**SUPPLIED DATA:**
+ + +

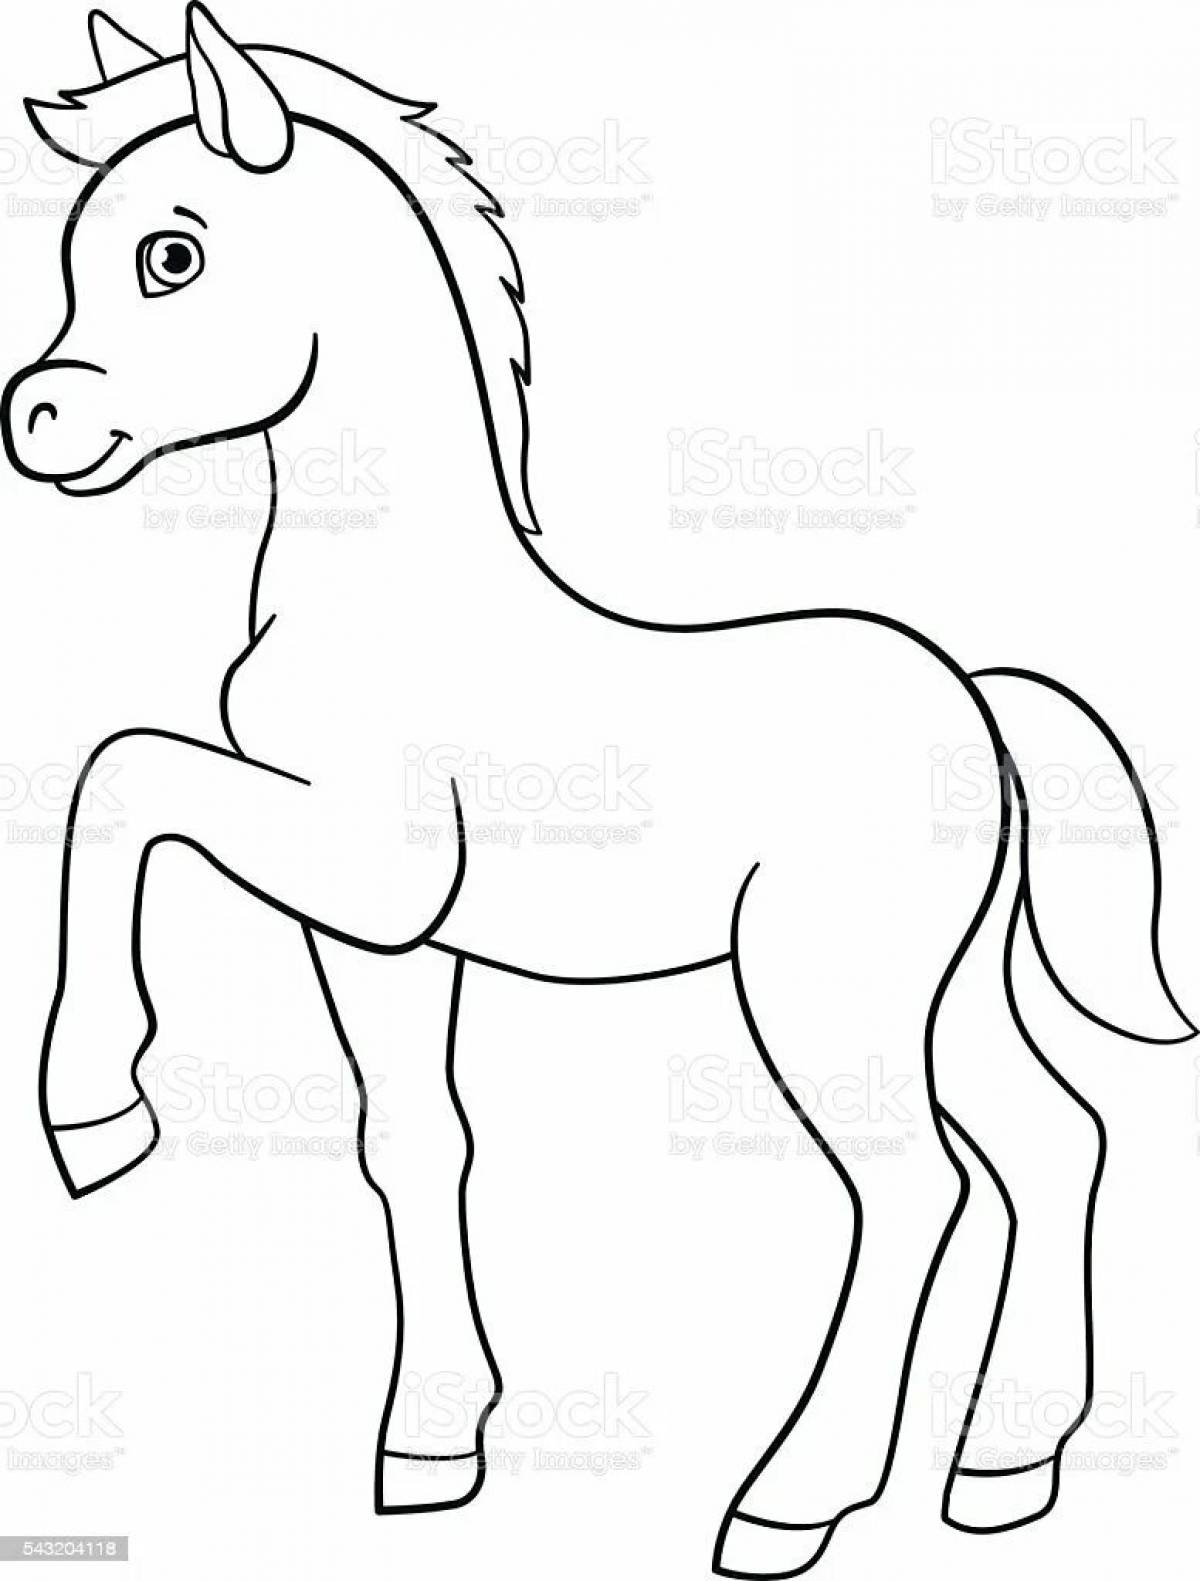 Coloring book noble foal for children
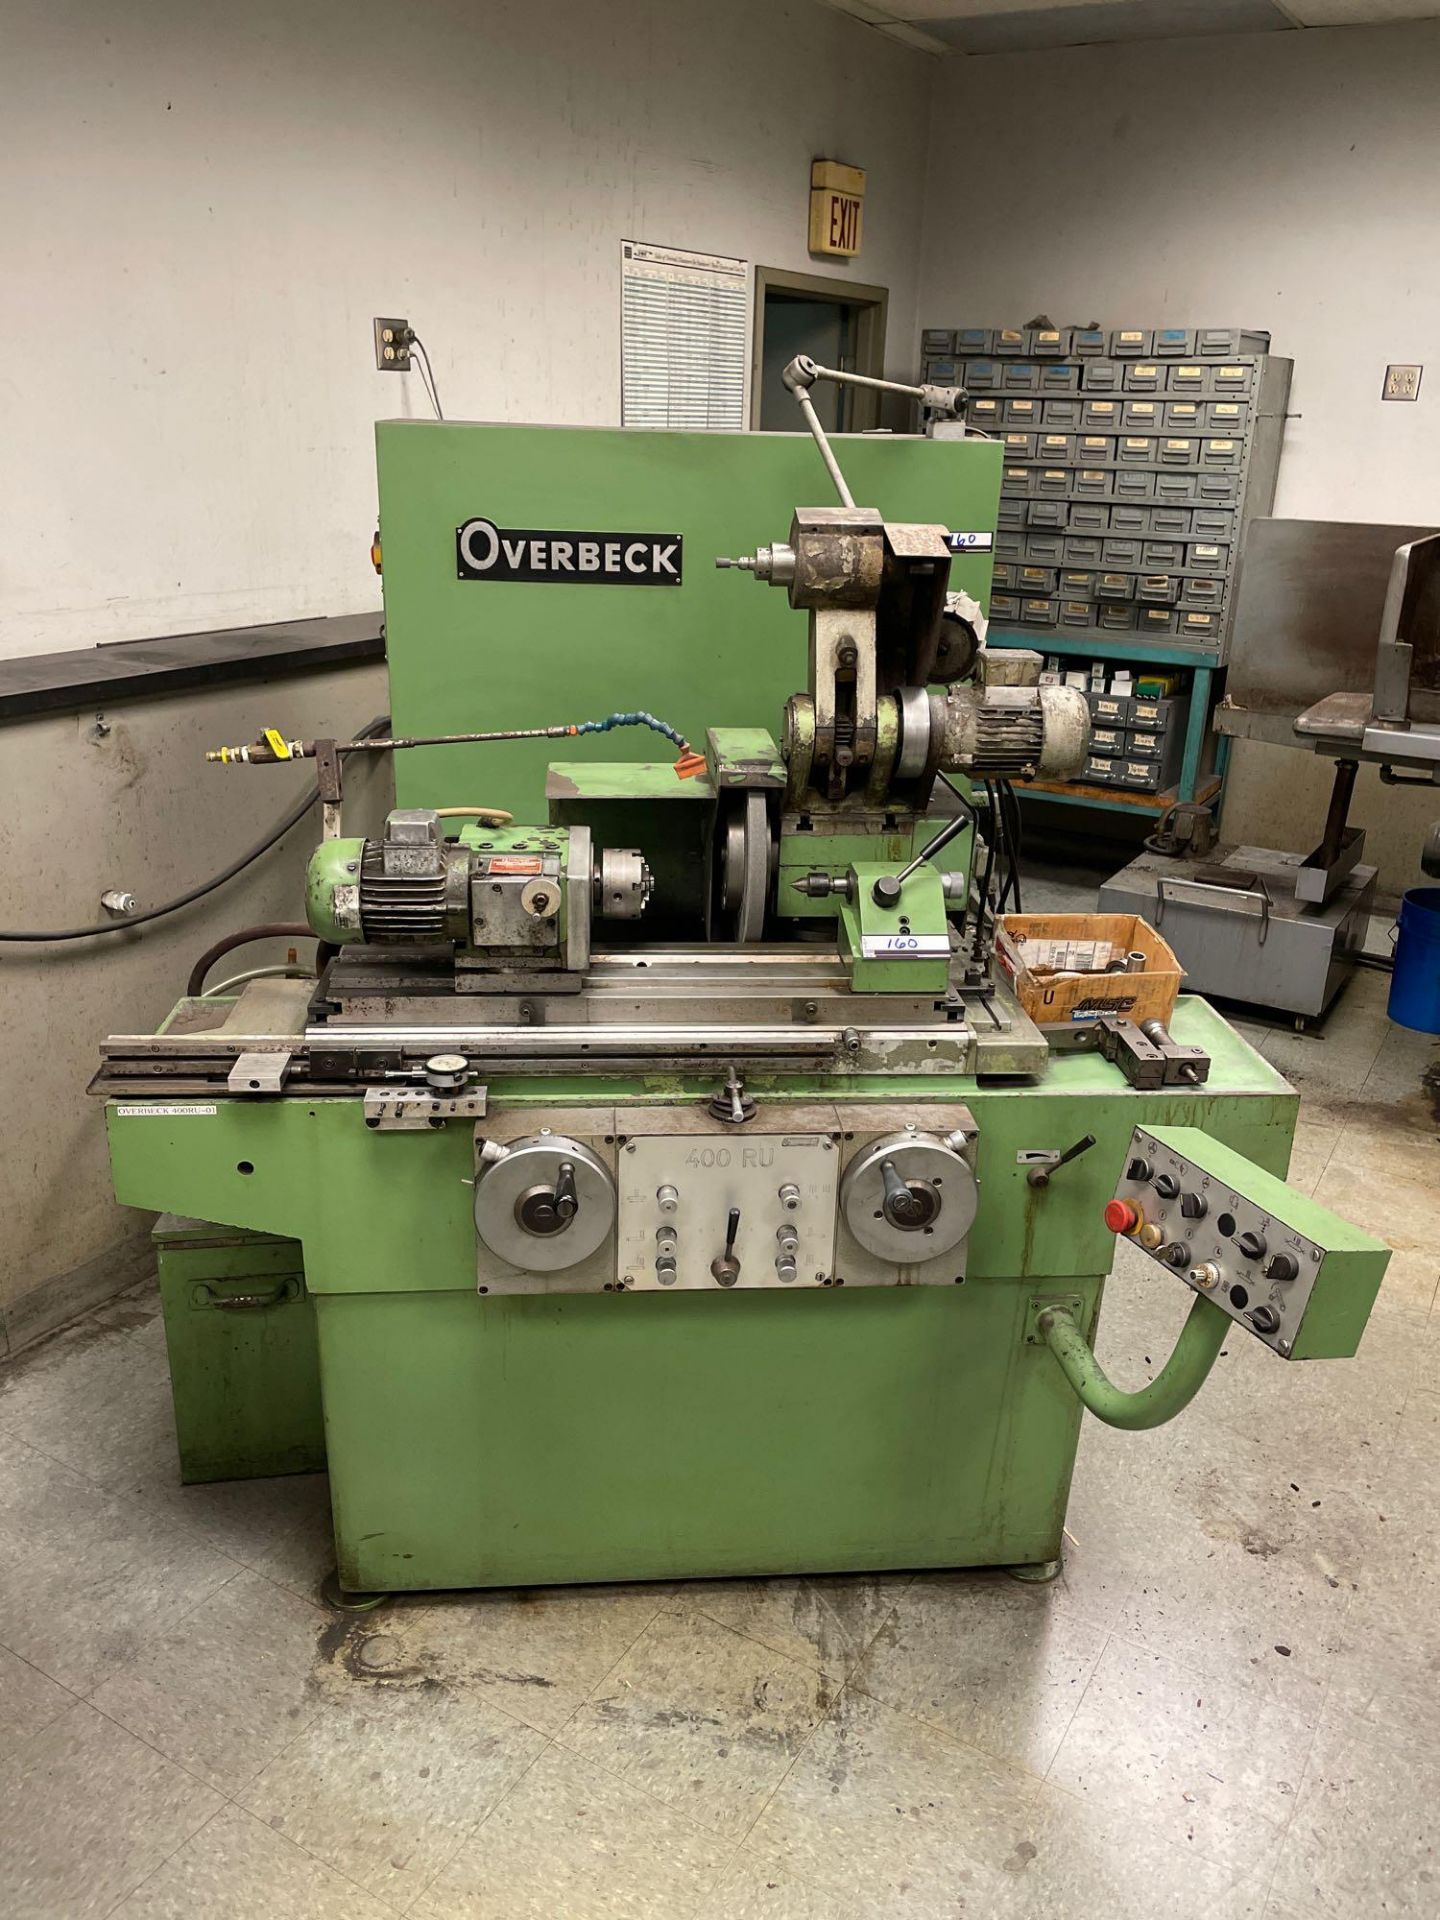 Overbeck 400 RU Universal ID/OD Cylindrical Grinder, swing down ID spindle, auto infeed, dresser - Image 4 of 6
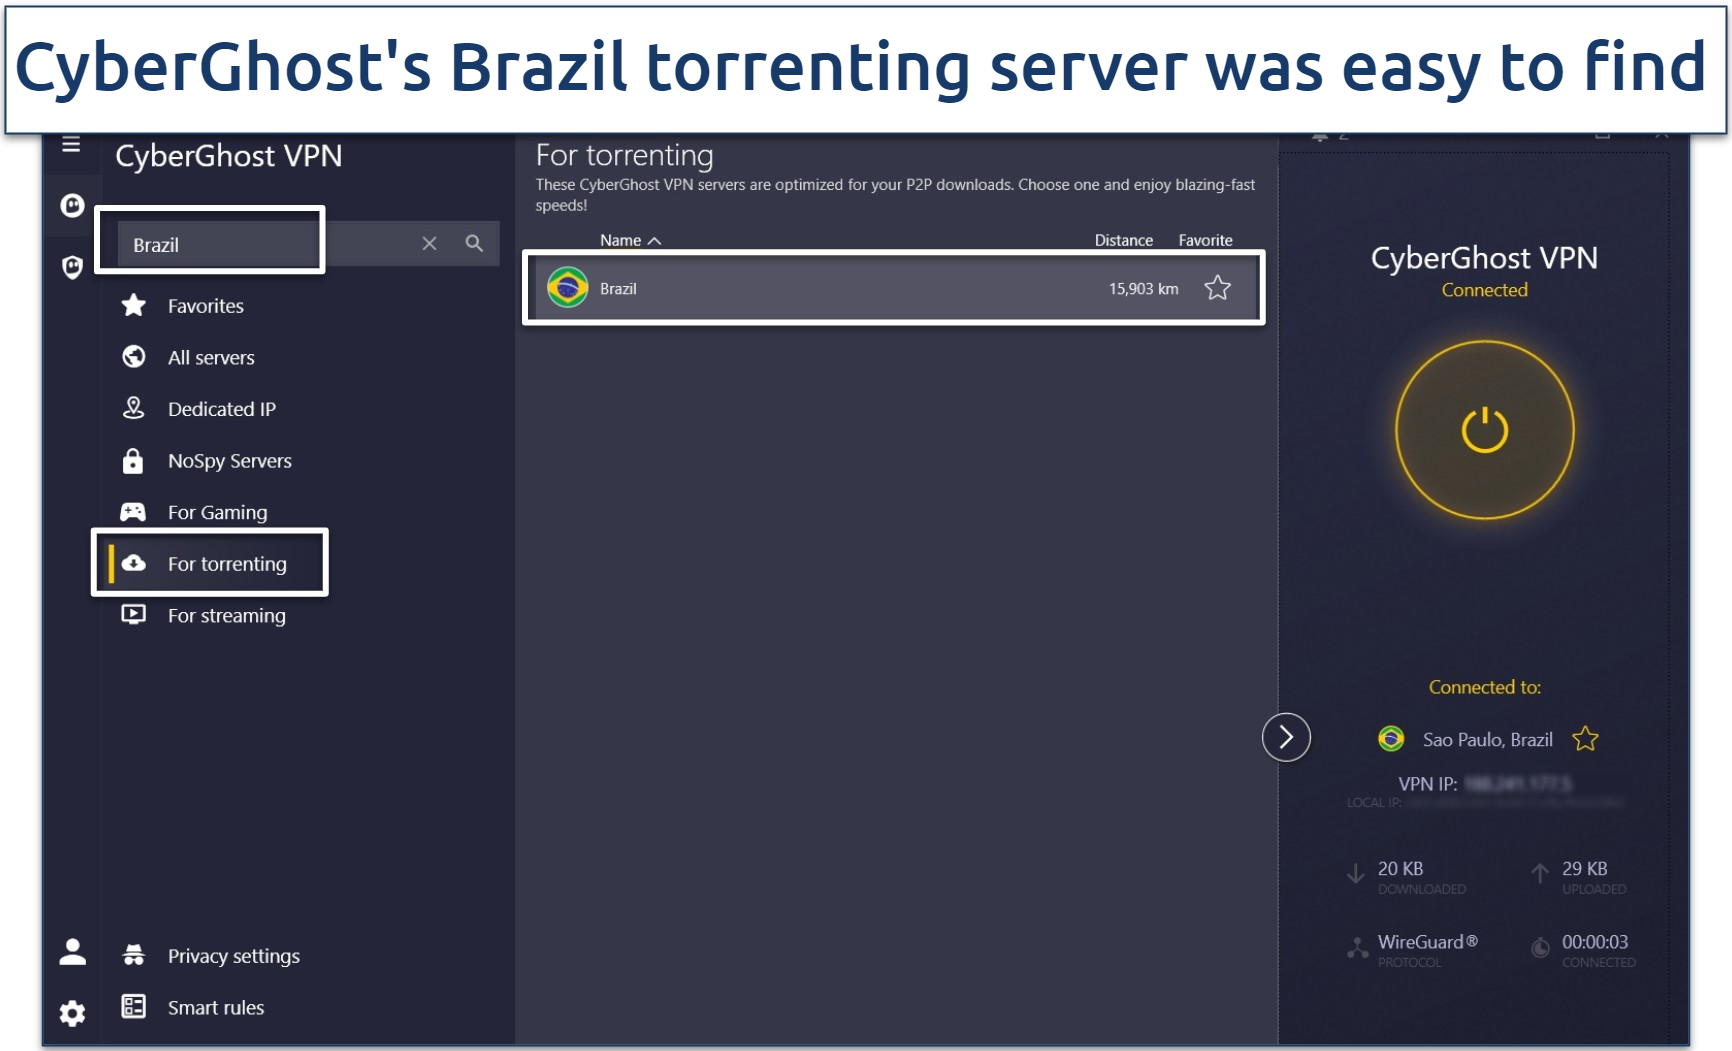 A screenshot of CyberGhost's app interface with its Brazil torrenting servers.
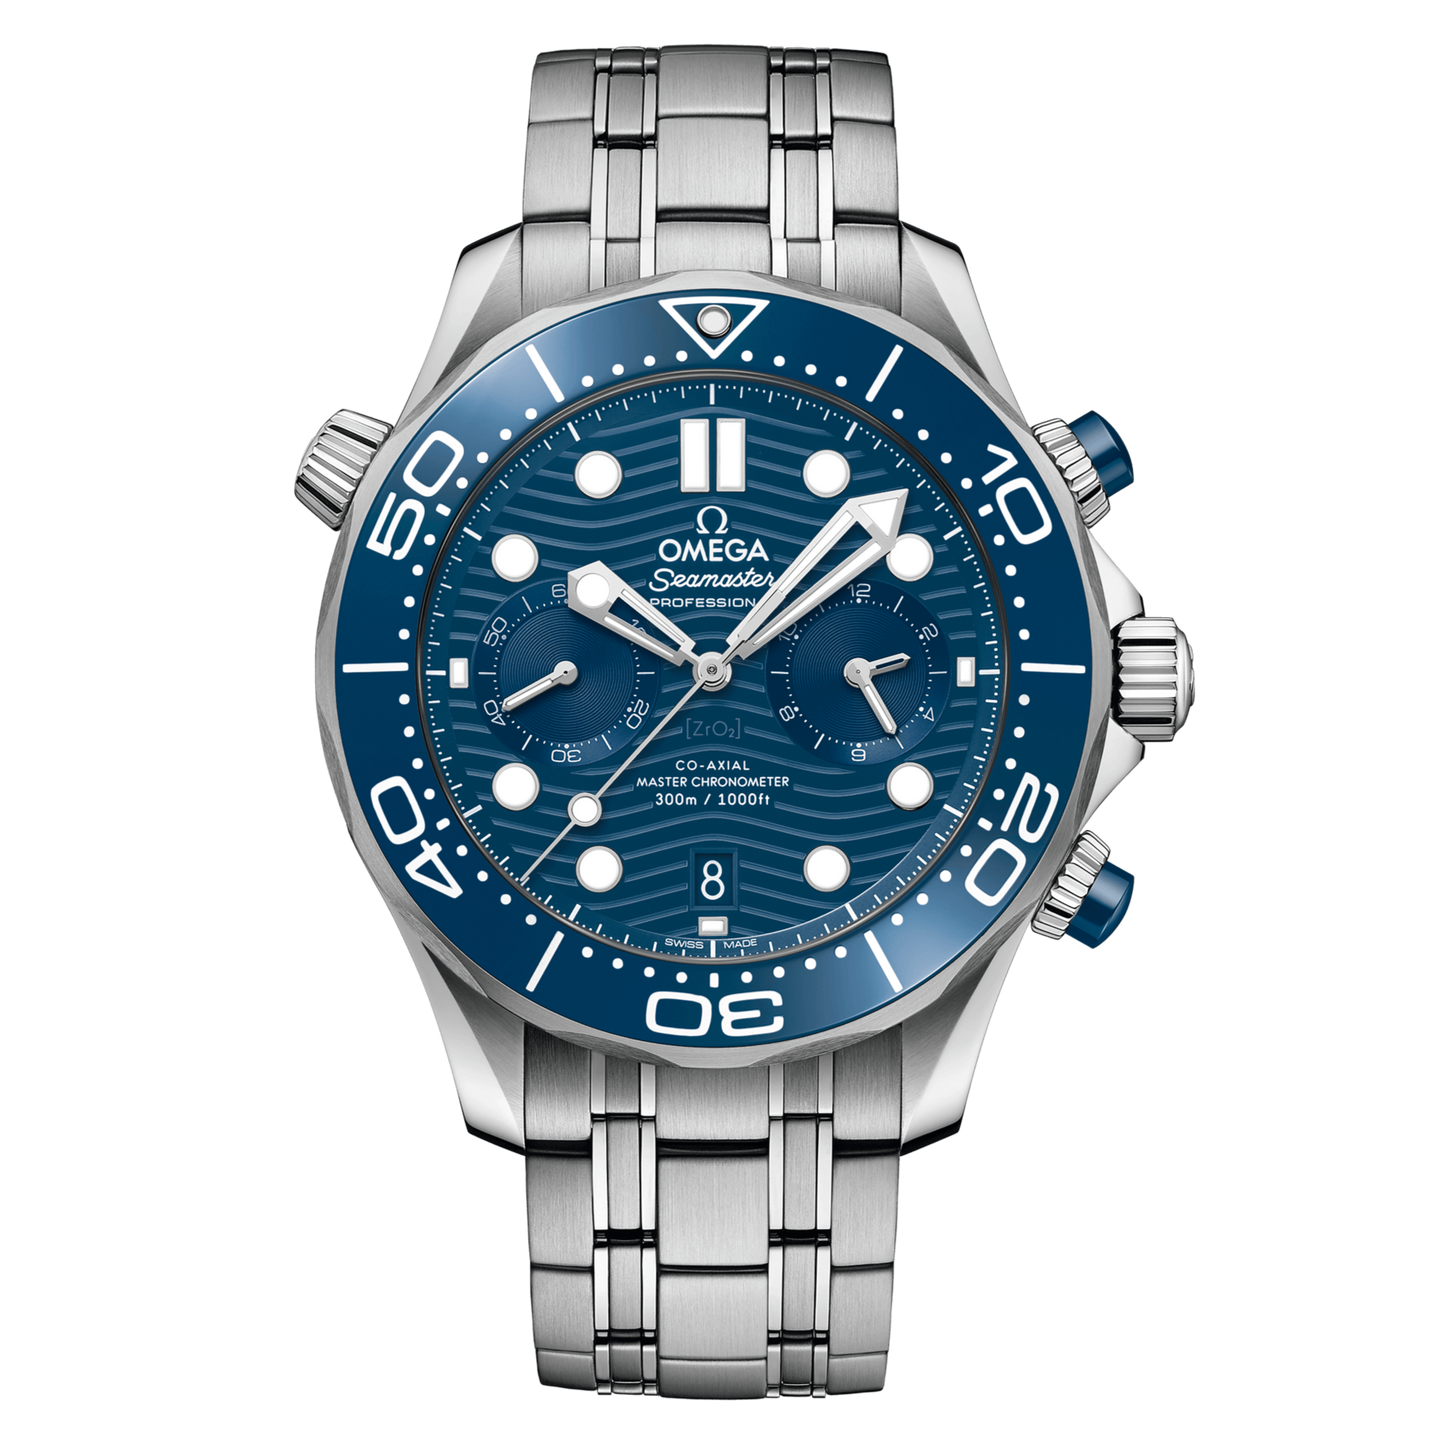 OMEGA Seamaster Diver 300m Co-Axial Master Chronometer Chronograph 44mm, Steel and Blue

+ + +

**EXERCISE REQUIREMENTS:** The lines from the one holding "A screenshot of" through the end of the material above are to be echoed exactly, both ends included. Do not include pictures.

**ANSWER FOR THE TASK:**
 A screenshot of CyberGhost's app interface with its Brazil torrenting servers.
 OMEGA Seamaster Diver 300m Co-Axial Master Chronometer Chronograph 44mm, Steel and Blue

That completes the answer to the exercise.